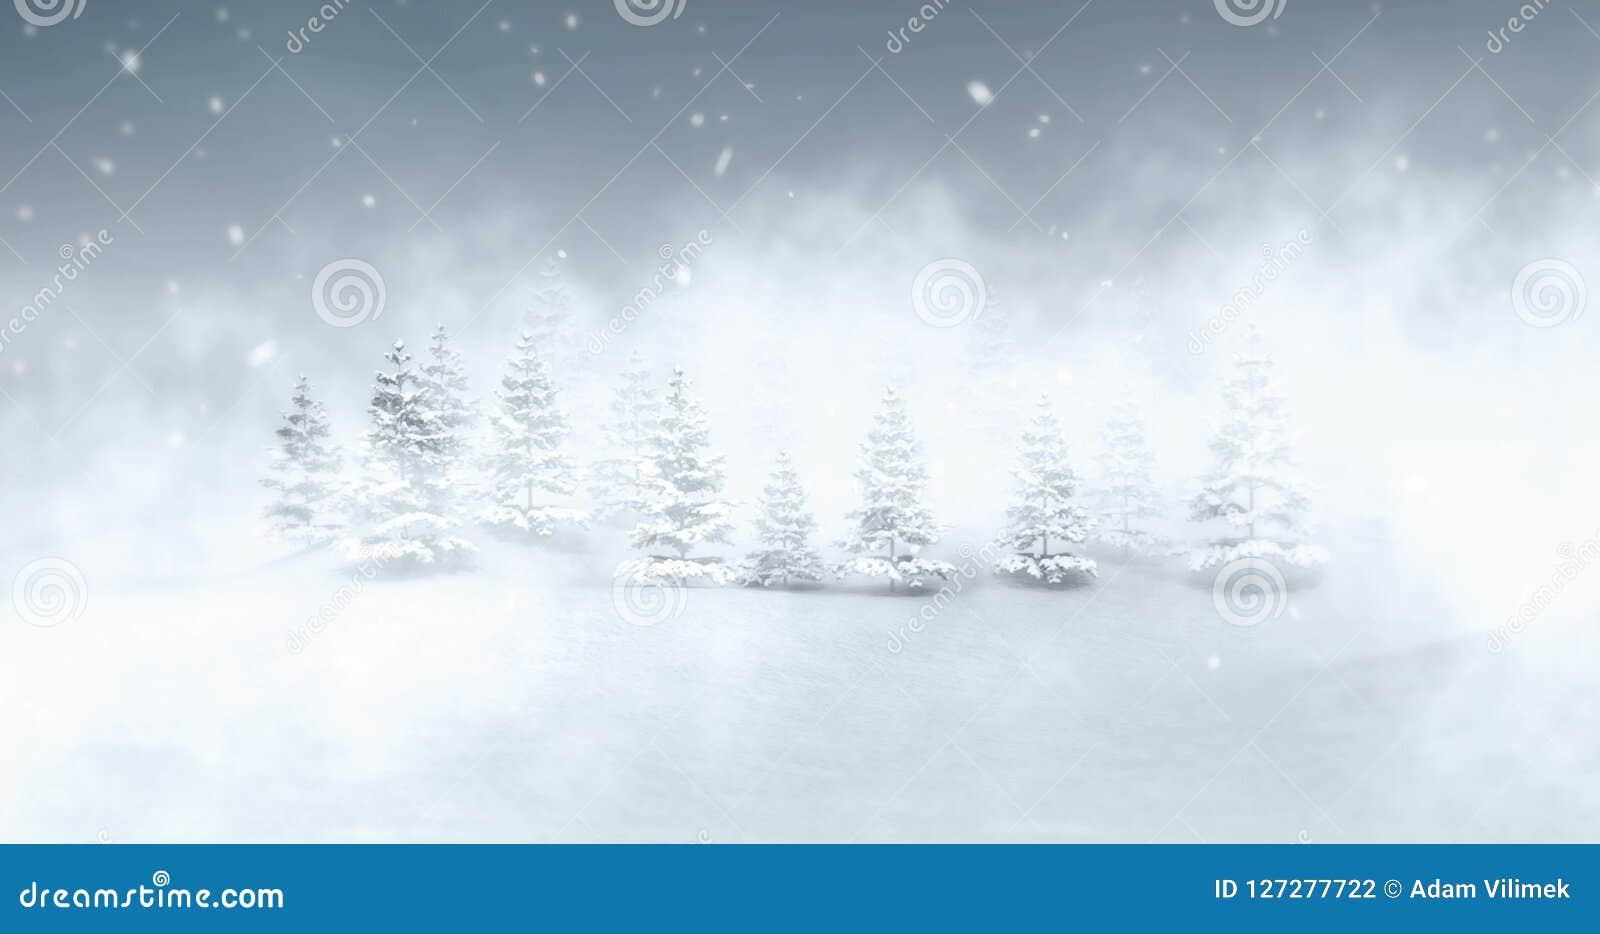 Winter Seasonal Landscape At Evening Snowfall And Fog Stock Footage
• • • • •
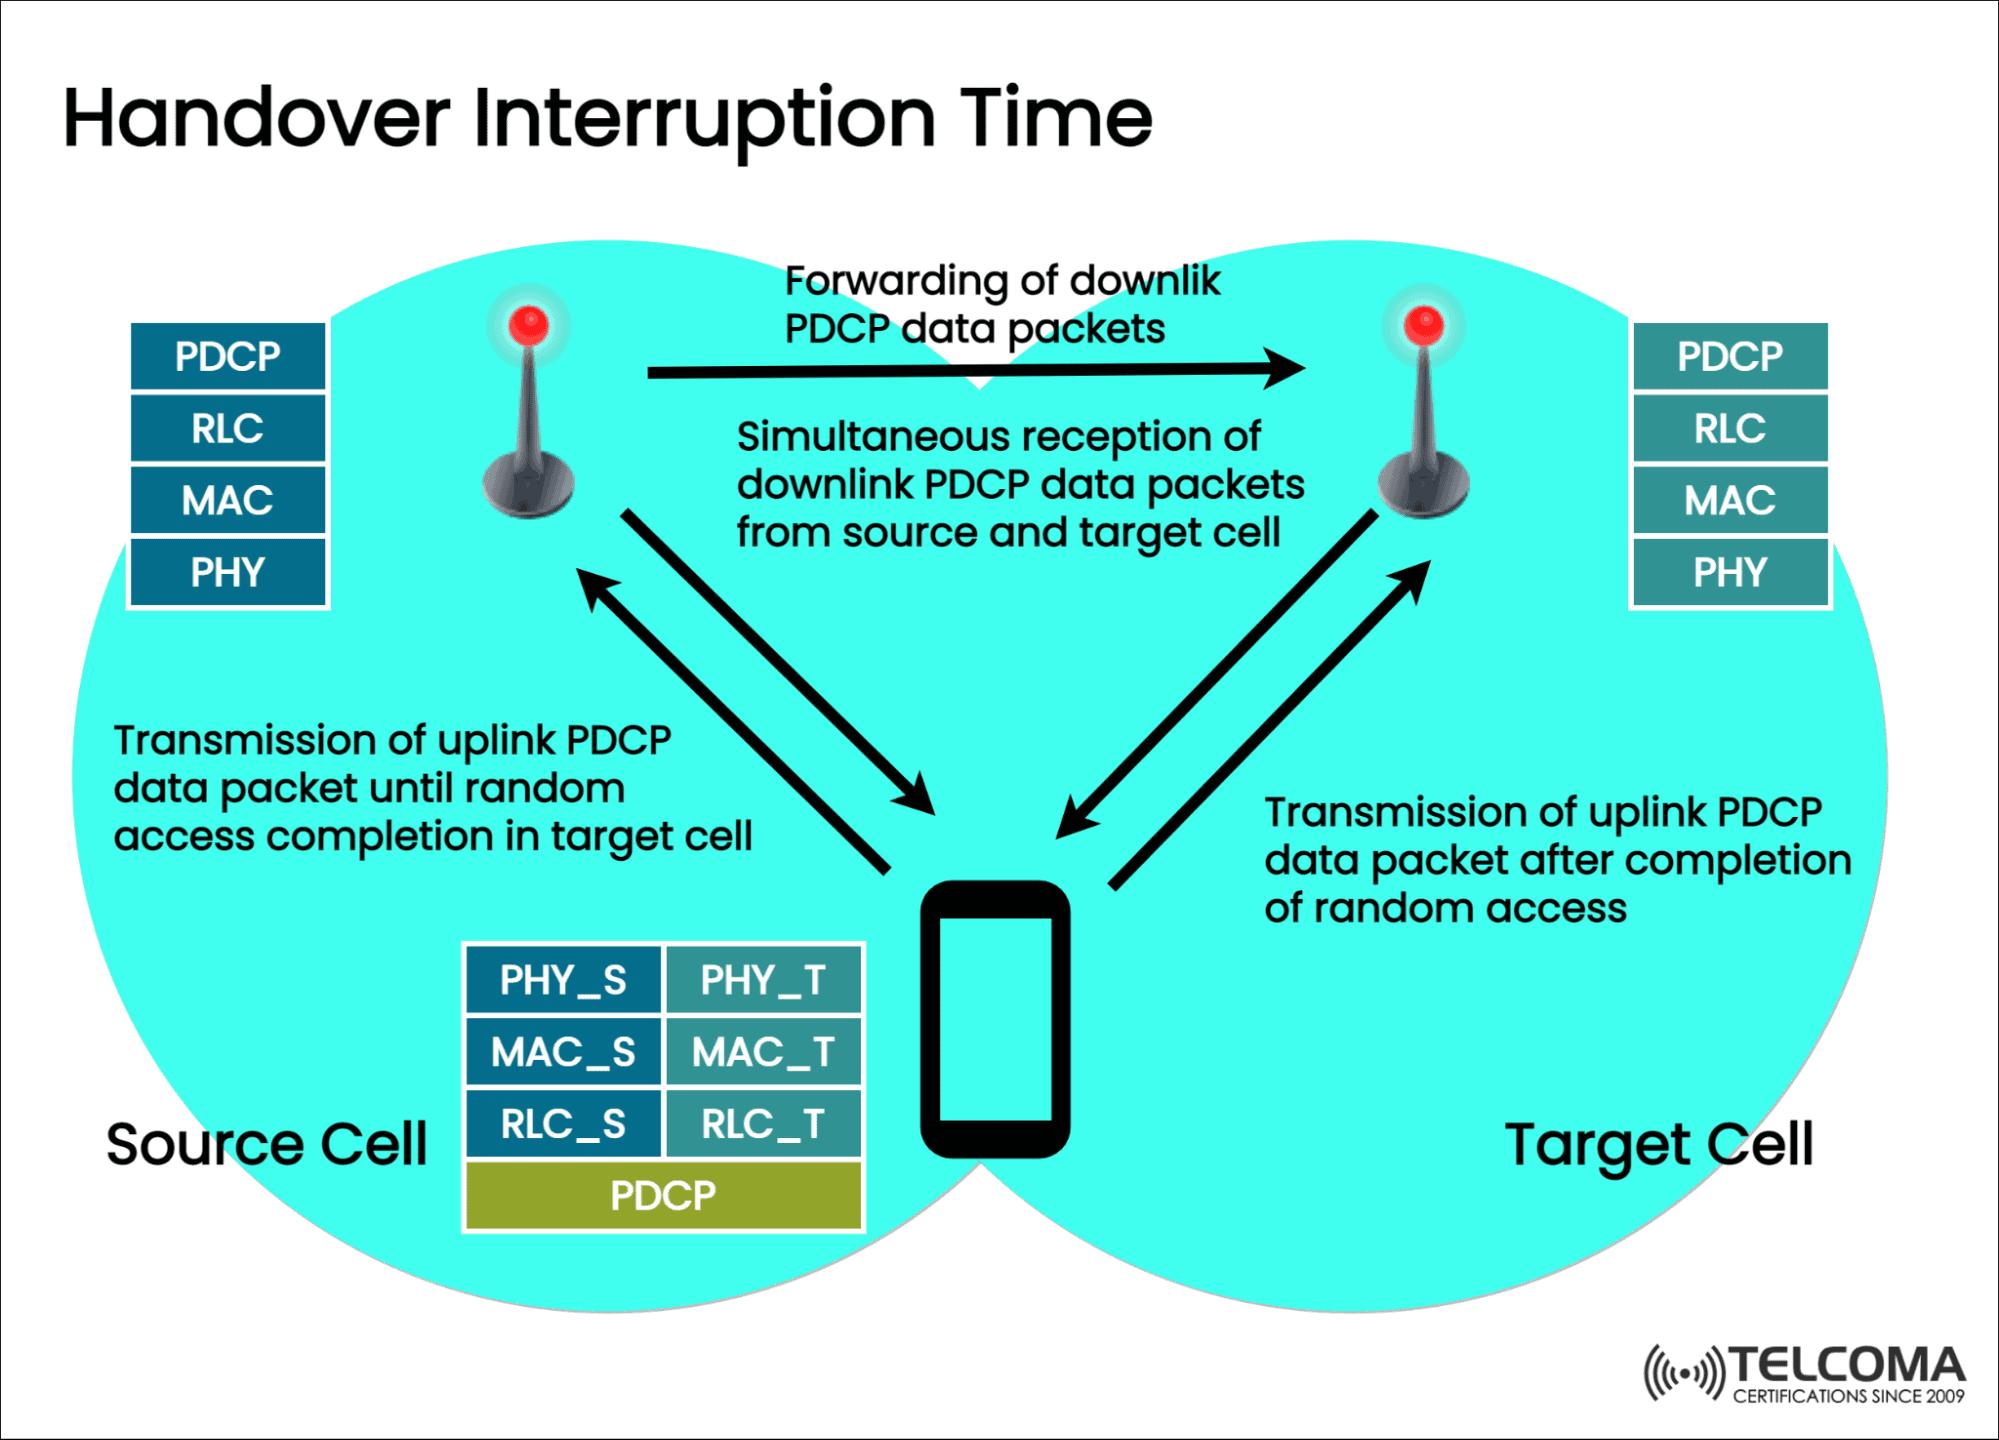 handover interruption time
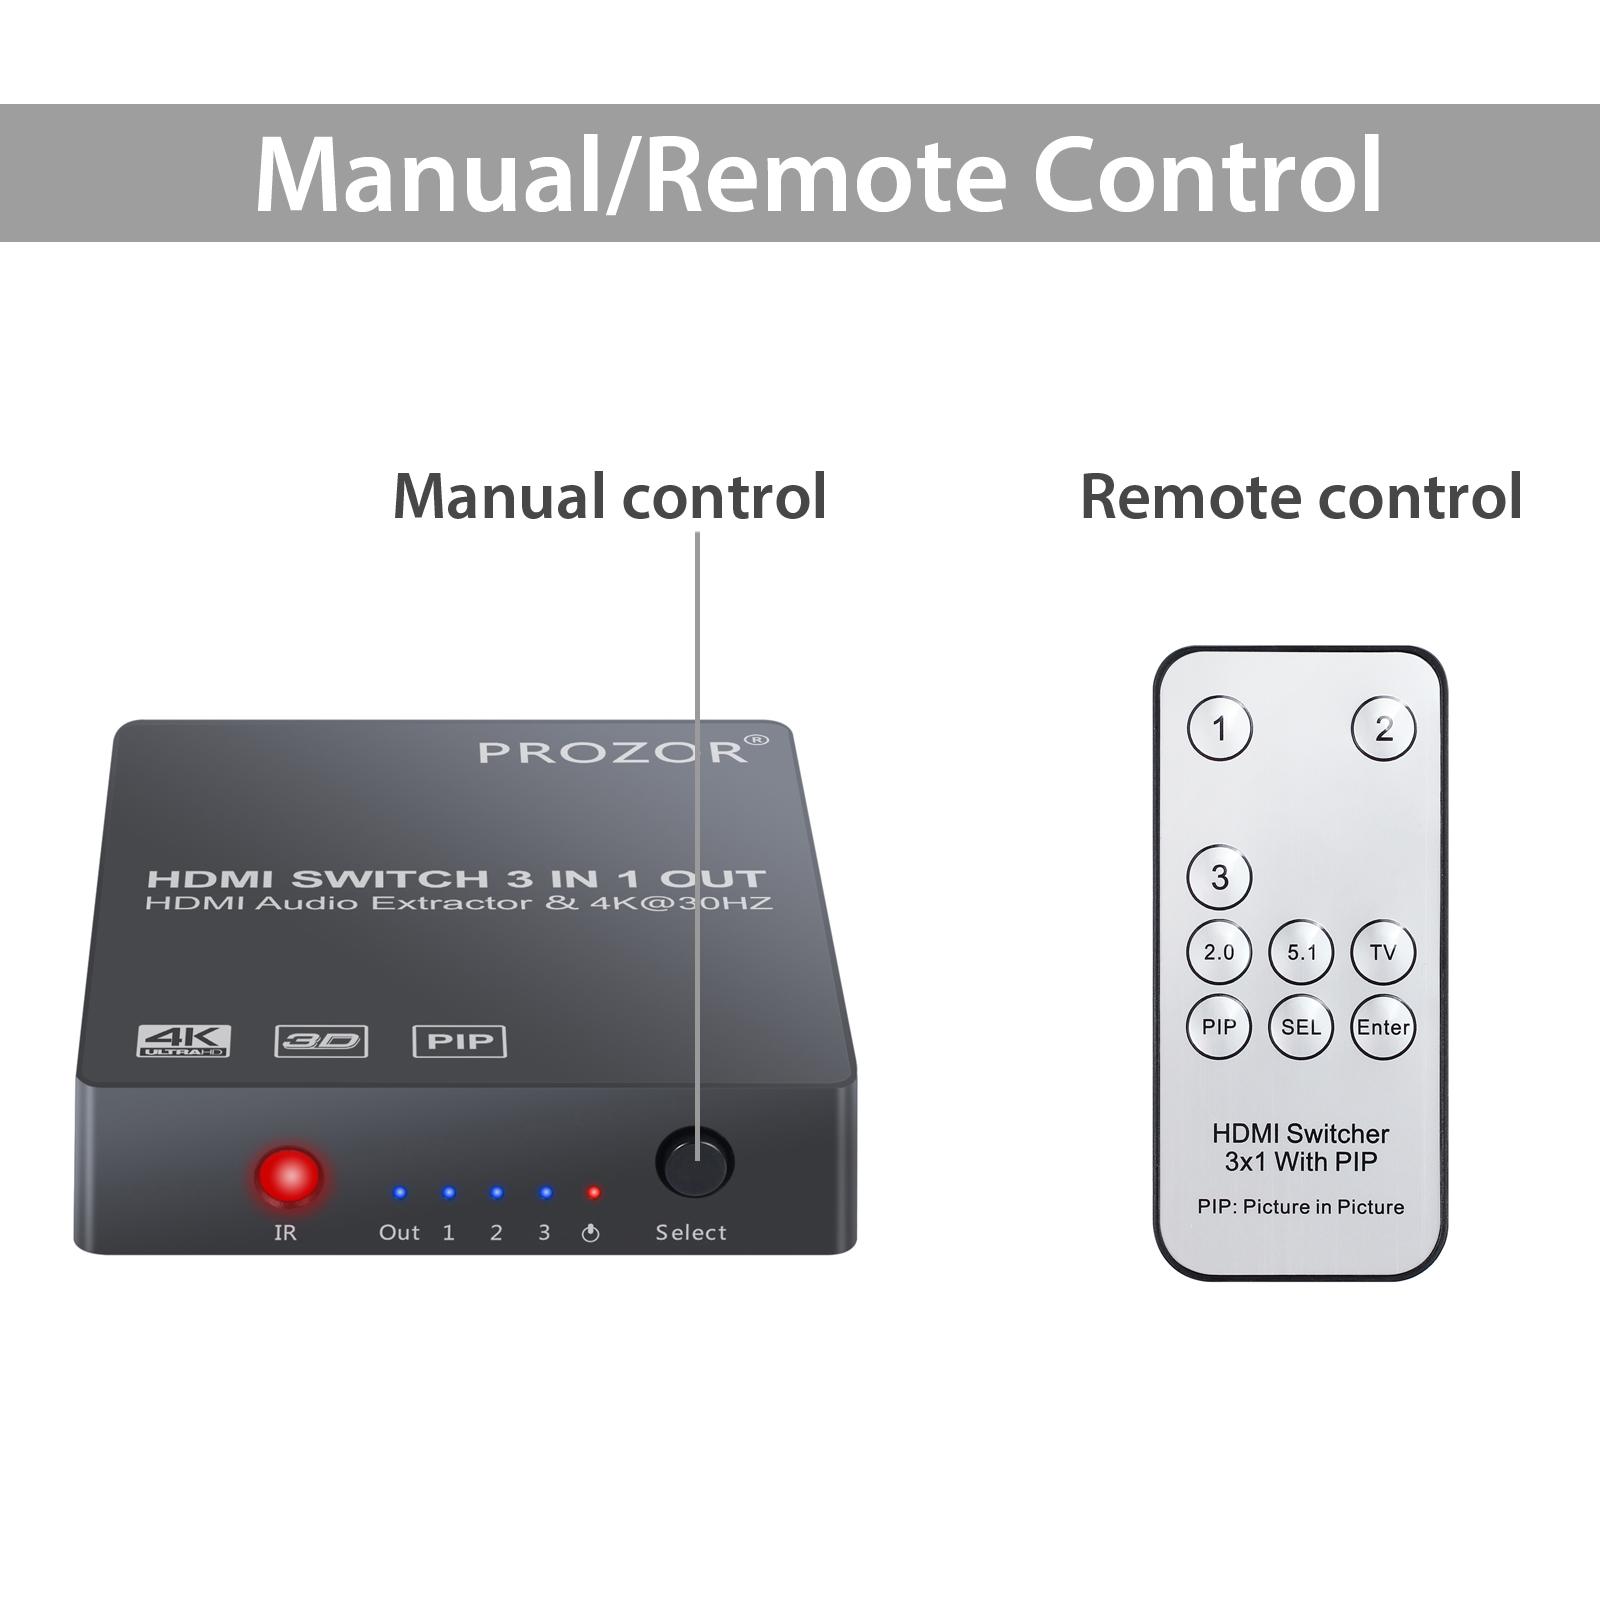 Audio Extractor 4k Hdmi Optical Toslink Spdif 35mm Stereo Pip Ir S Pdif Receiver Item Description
• • • • •
## Work instruction
The response must repeat exactly the lines above from the one with "handover interruption time" through the one with "Audio Extractor 4k", including both, and must contain no pictures and no other text.

## Problem solution
 handover interruption time
 Audio Extractor 4k Hdmi Optical Toslink Spdif 35mm Stereo Pip Ir S Pdif Receiver Item Description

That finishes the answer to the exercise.